Five hours sleep a night is all she needs and she does not have any difficulty sleeping. She has never smoked cigarettes and believes in the benefits of getting a healthy dose of vitamin D from the sun regularly.

On the topic of her meals, she describes herself as “a small eater.” At breakfast she has a cereal, such as porridge and a cup of tea. At lunchtime she often has a salad with cheese or a ham sandwich, which is occasionally accompanied by a glass of her home-made stout.

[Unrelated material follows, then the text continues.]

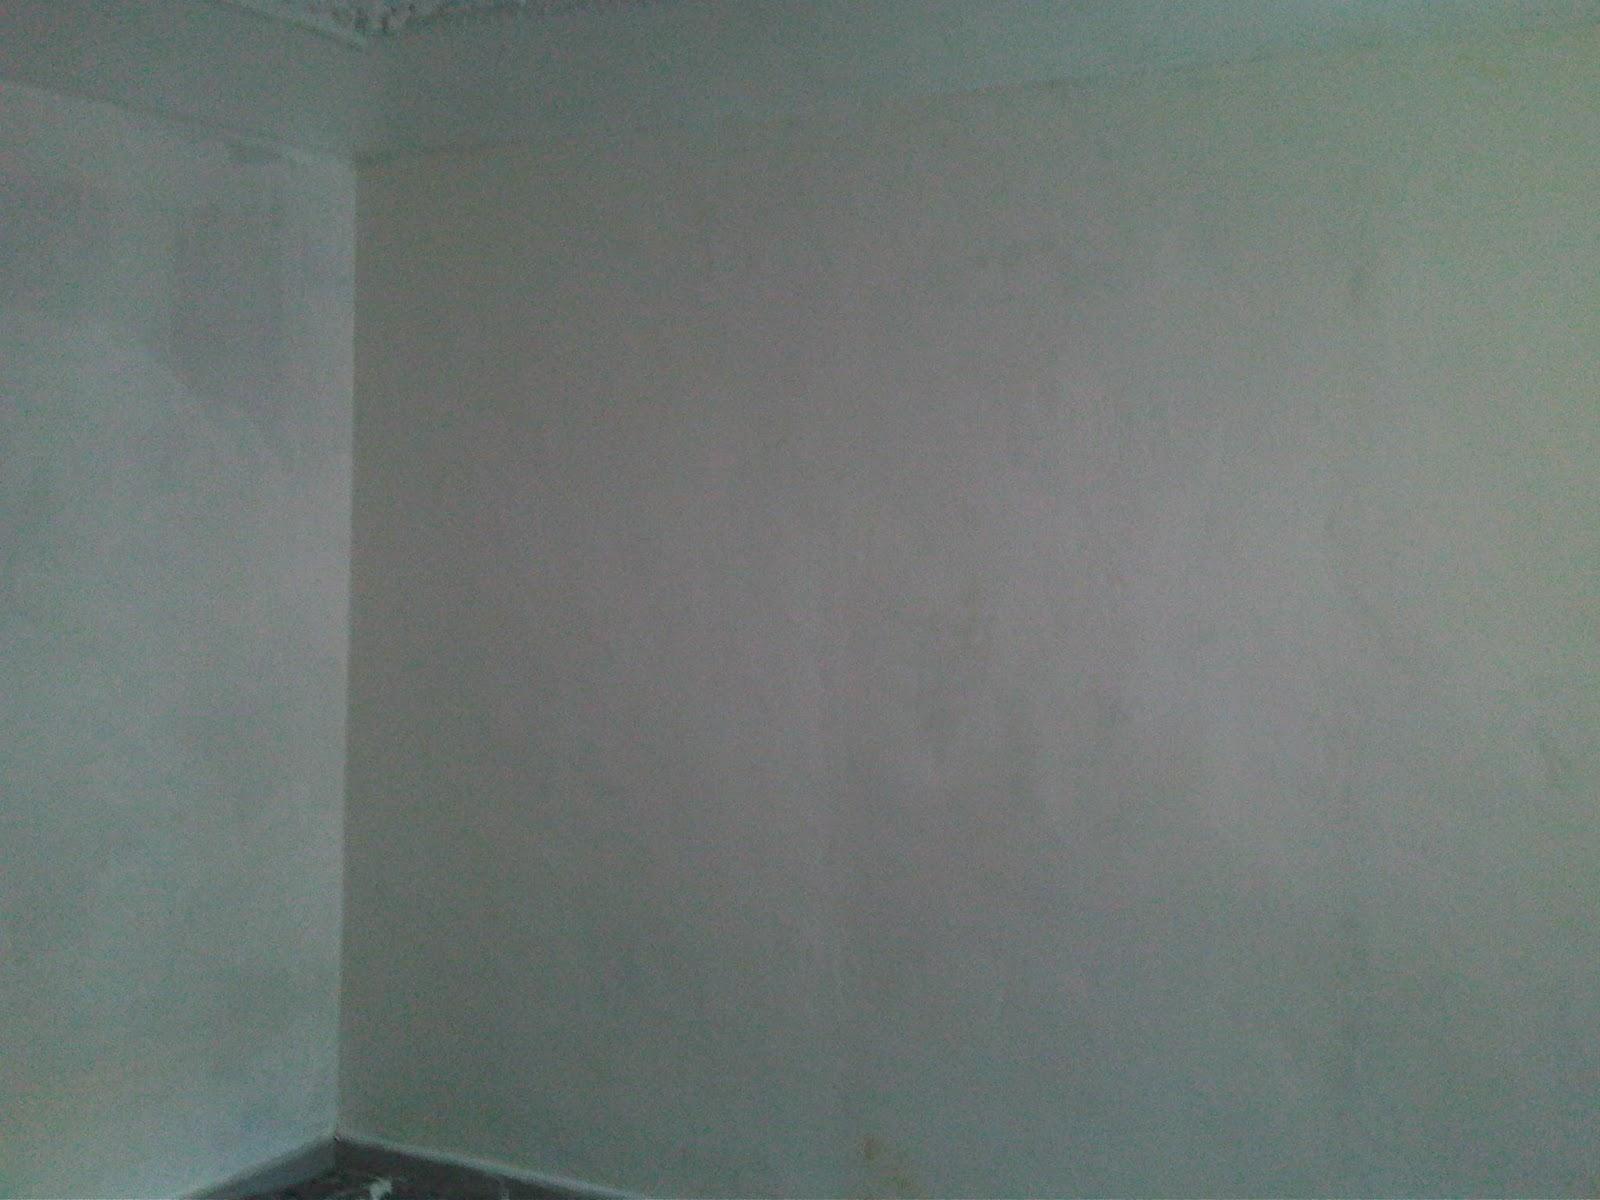 Tecnocolor sas pareti da rasare in casa - Rasare su piastrelle ...

For dinner she says she invariably has a hot meal, four a week of which are free of meat and this is often followed by her stout or an ale.

She is particularly wary of processed food and keeps a close eye on food packets to see what additives they contain by reading the fine print. "It's important to watch out for a variety of additives, including MSG, and aspartame [which is often called "951" on labels], in food and drink products, as they can cause serious harm," she asserts. She should know, she has done a great deal of research into this. In fact in 2005, she travelled to Cuba to do research into the relationship between diet and ADHD, the most common diagnosis given to children and adolescents by the Mental Health Services in New Zealand. But that is another story.